Table 4 indicates Comparison of accuracy using different algorithms. For developing the robust system different algorithms were experimented on the same database of face, fingerprint and palm vein. Automatic feature extraction without pre-processing of original image is the advantage of our proposed network. The overall fusion accuracy using CNN achieved is 96.7% on same database as compared to other conventional fusion method. It is concluded that our network gives very good accuracy.
Table 5 indicate the output features of each layer of the CNN.
Figure 6 Feature level fusion using CNN-MOC Output features. The fused feature array shows the feature array between length of features and magnitude of CNN. Fused Feature array shows high magnitude for the prominent features.
The Run time of the proposed method using CNN for face, fingerprint, palm vein and fusion of all modalities is shown in Table 6. The run time for face, finger print and palm vein and fusion are nearly same.
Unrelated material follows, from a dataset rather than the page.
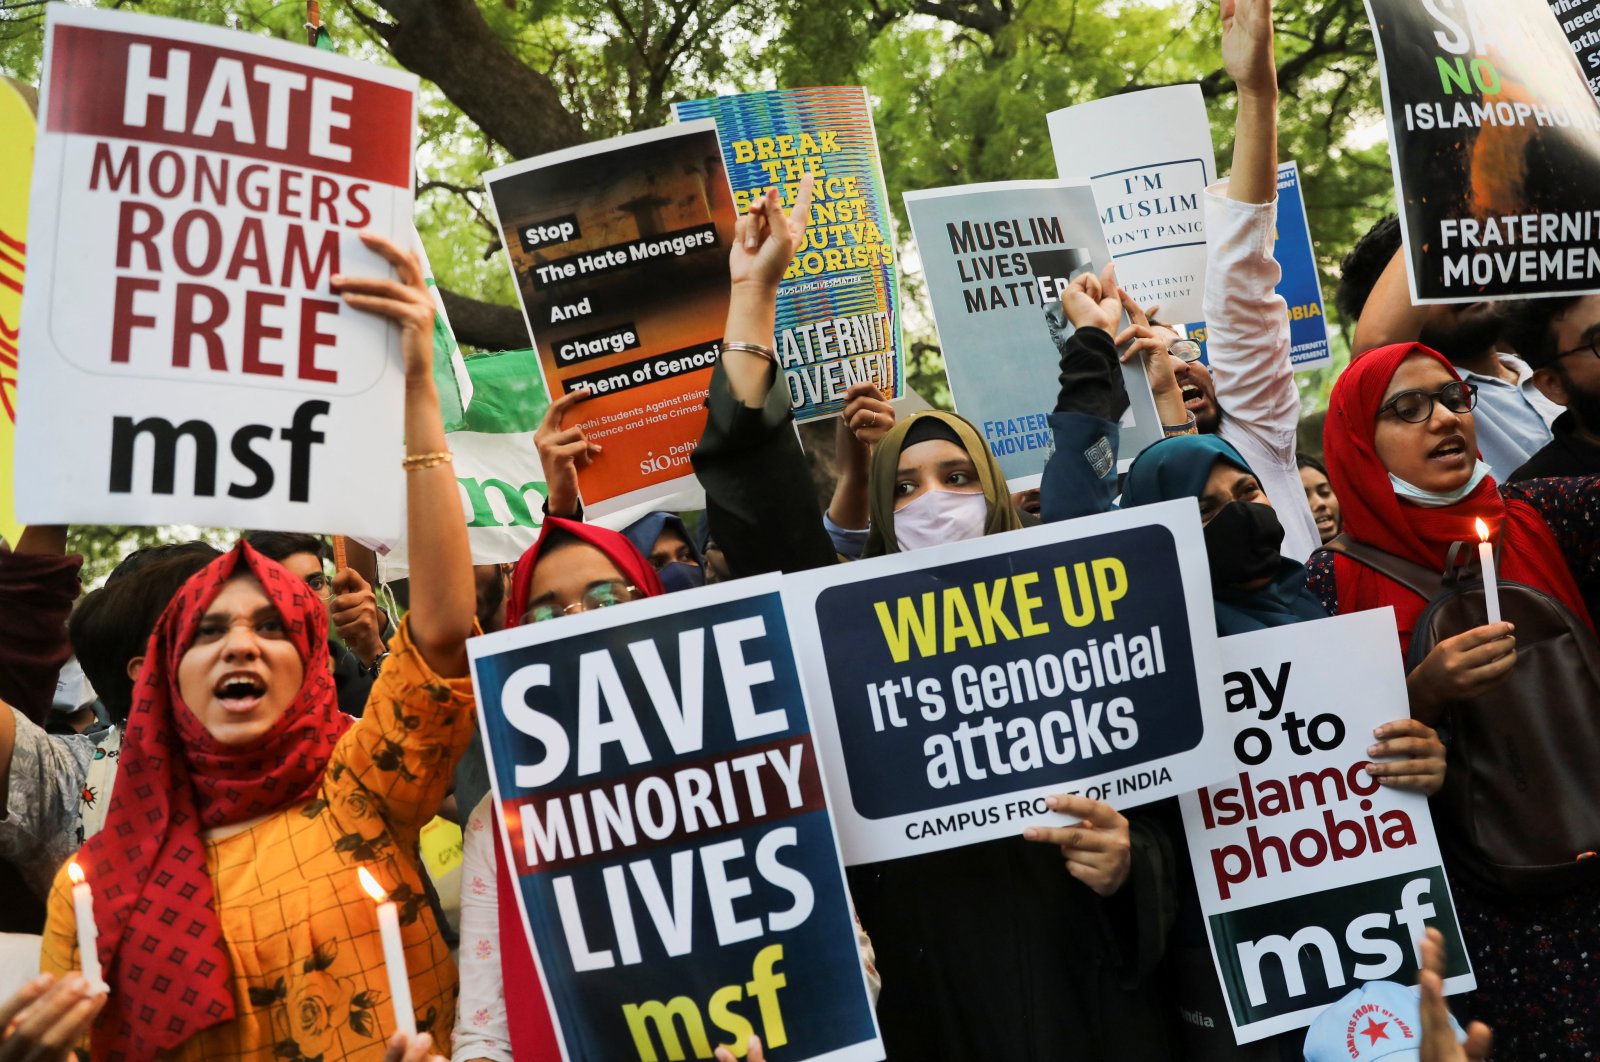 Citizens shout slogans and hold placards during a peace vigil organized by citizens against hate crimes and violence against Muslims, New Delhi, India, April 16, 2022. (Reuters Photo)
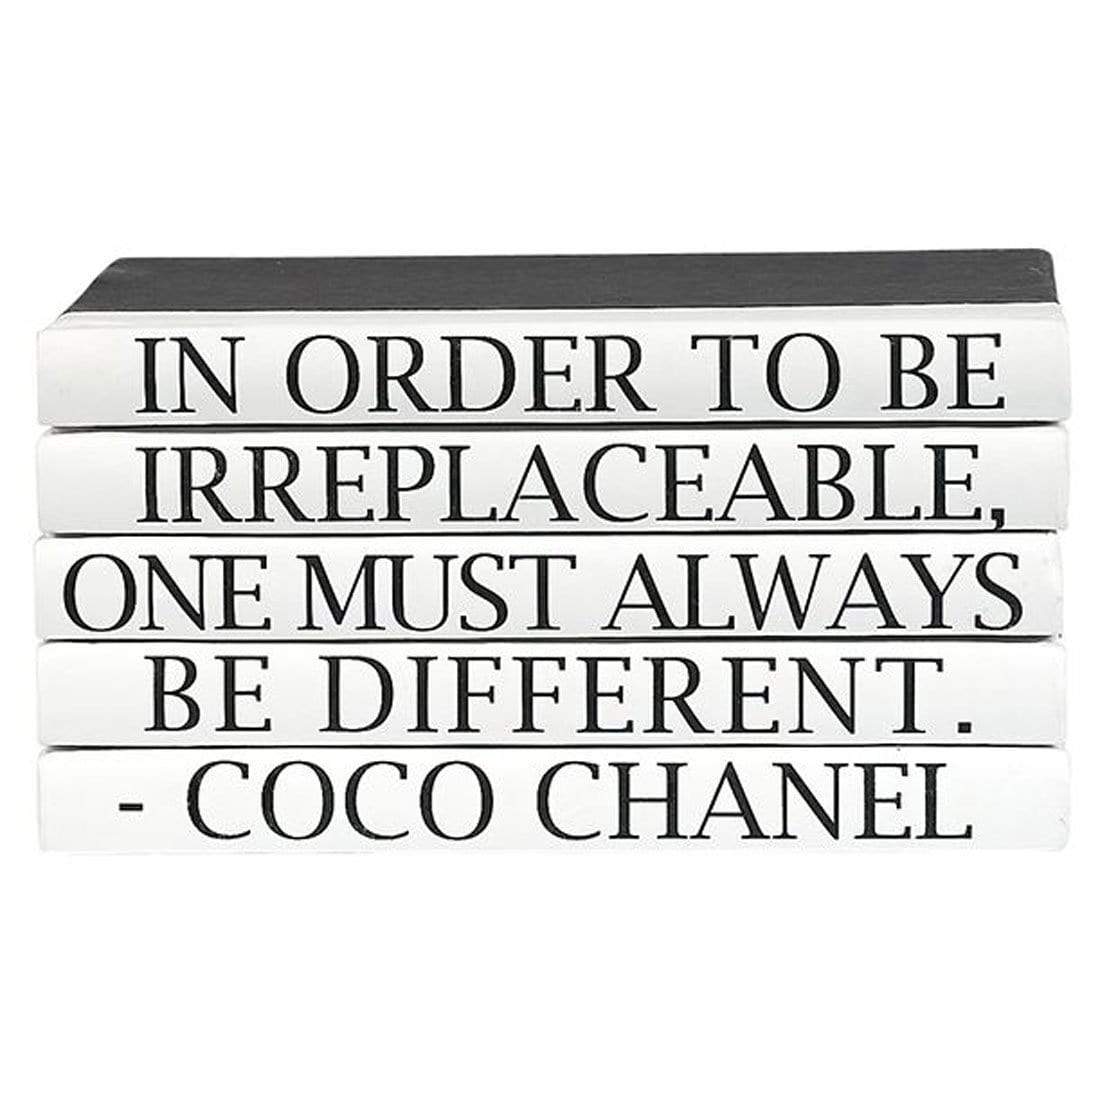 coco chanel book biography

Multimodal biometric recognition system is developed by using modalities such as face, palm vein and finger print with convolutional neural network. Two layered convolutional neural networks with maximum orthogonal component fusion technique is carried out for recognizing the person. Maximum orthogonal component selects the more informative features from the CNN feature maps of the face, palm vein and finger print, it also reduces the output feature map. The performance of the proposed system is evaluated on the basis of % recognition accuracy. Proposed maximum orthogonal component gives better performance than the mean and maximum rule for fusion and resulted in 96.7% accuracy. Future work consists of increasing number of CNN layers and minimization of training time to improve the recognition accuracy.